Dear OCaml community,
For pedagogical purposes, I would like to try to modify a local version of the ocaml/ocaml source code, and change the parser so that the final
ocaml (and hopefully
ocamlopt) commands accept to read OCaml code where (some of) the keywords are translated in French. (Let’s just focus at French for the example, as it would easily be generalized to other latin-based languages).
For instance, I would like to be able to read, execute and compile a tiny program like this:
soit récursive factorielle (n : entier) =
filtrer n avec
| n quand n < 0 -> échoueavec "Erreur : n doit être >= 0 pour factorielle."
| 0 -> 1
| n -> n * (factorielle (n-1))
Accents are not important, if it’s hard to have them, I’ll settle down with no accents. Compare to the real (English) version:
let rec fact (n : int) =
match n with
| n when n < 0 -> failwith "Error: n has to be >= 0 for fact."
| 0 -> 1
| n -> n * (fact (n-1))
I read the parsing Hacking guide, but don’t really understand what should be modified and where. I want the parser to accept both English (real) and French (new) versions of the keywords, as I don’t want to translate anything from the codebase, I just this new parser to accept tiny files where all key-words are in French.

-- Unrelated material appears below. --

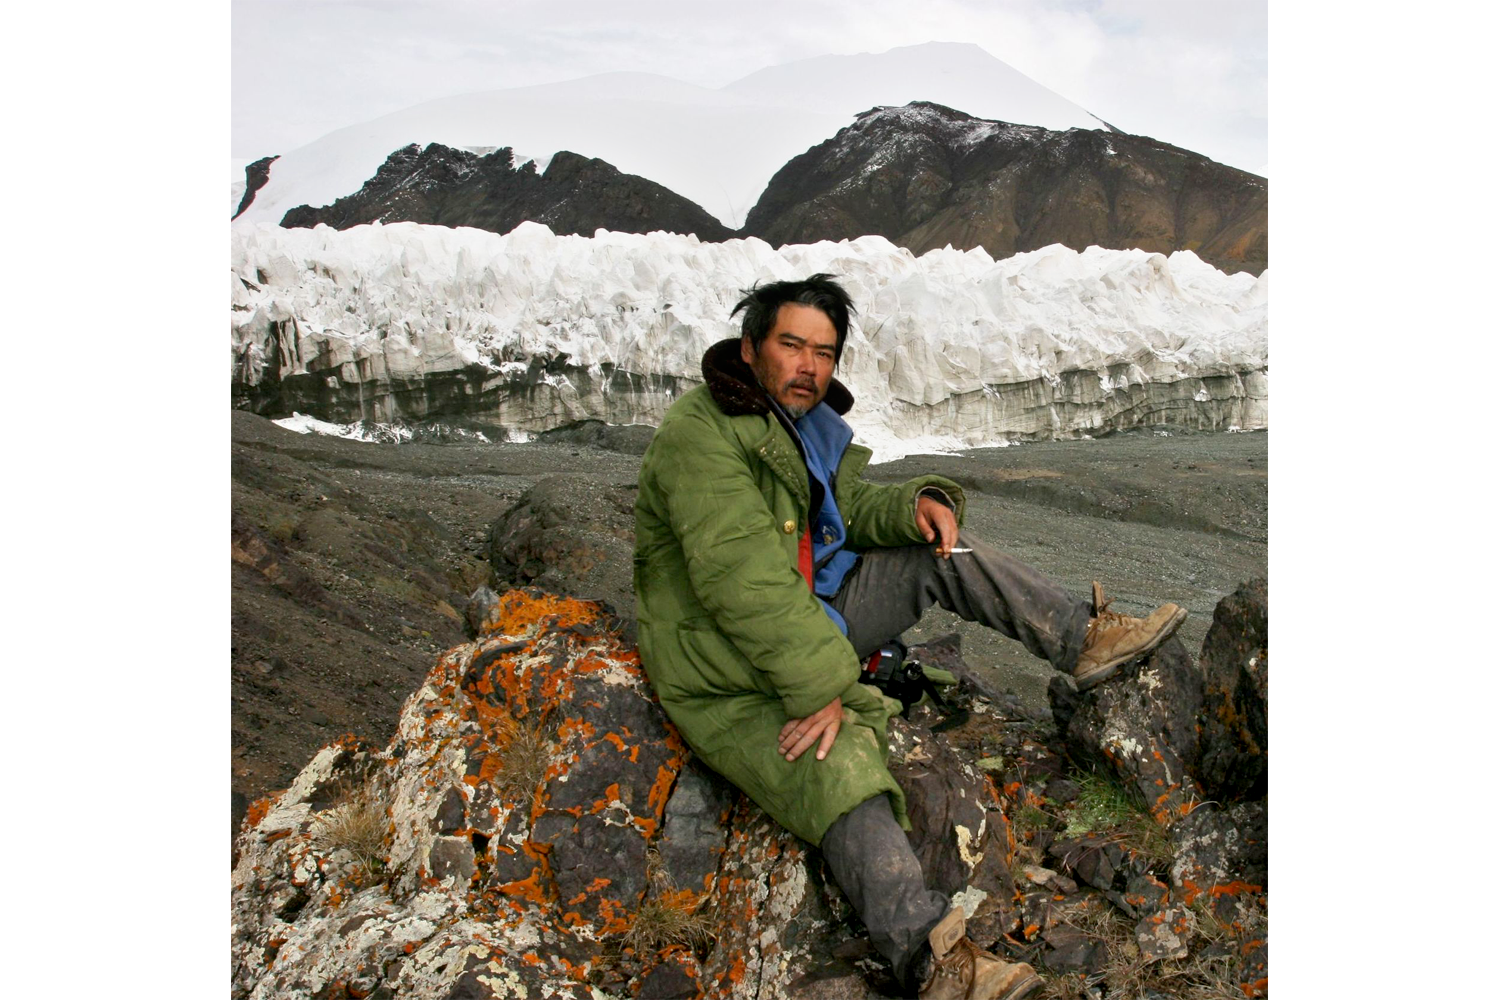 Geologist and glaciologist Yang Yong, by the glaciers that feed the Yangtze on the Qinghai Tibet plateau. Photo by Yang Yong.

My main question is to know which file to modify in the parsing/ folder, and how to accept two versions of a keyword and map both to the same
From what I see in the guide, I should update
parser.mly, but my old memories from mly/mll files tell me that a
%token LET "let"
%token LET "soit"
will complain that
LET token is not unique…
Thanks in advance!
You can modify
parsing/lexer.mll returning the same token (eg
LET) for both versions of the keyword. You should be able to use latin-1 accents.
You could look at the source files of this april fools’ version of Chamelle numéro 5.
Another point if you ever want to have a localized version of warnings and error messages, I could refresh my internationalization patch.
Thanks for pointing out Chamelle, it seems to be exactly what I am aiming at.
I’ve failed to build it a few times, I guess it’s not easy to use it…
Thanks @nojb, I was indeed able to obtain everything I wanted, by just modifying
parser/lexer.mll. It was easier than I was afraid of!
Of course some small French keywords were used in a few places in the ocaml/*.ml files as variables names, but a simple rename worked (e.g.,
and in French) can be renamed
I have published my fork on my GitHub profile, honestly it’s more for a personal use than anything else, but well it’s there: https://github.com/Naereen/ocaml-mots-cles-en-francais. A full documentation of what I did and why is included, but only in French.
Thanks for your quick reply, that was an interesting tiny experiment!
Sorry @octachron, I don’t plan on spending more time on this.
If I remember correctly, ç supports OCaml (with Rust and C/C++) and it does exactly what you want.
For reference, the OCaml translation table for ç is here:
Thanks a lot to both of you for mentioning ç, it’s a very interesting project. Tiny but efficient and it does the job for C, OCaml and Rust!
It’s perfect for the C language (which I wanted to target tomorrow for a similar experiment), and quite good the OCaml language.
It seems that their choice of localized keywords is not prefix and the translator program does only one pass of transformation, so it misses a keyword (and it’s not a corner case, it misses the
do keyword!). I’ll try to fix it on my own before reaching to the developers of ç.
I’m a bit late to the party but I had the same idea a while ago. To handle accents, I decided to remove support for ISO encoding.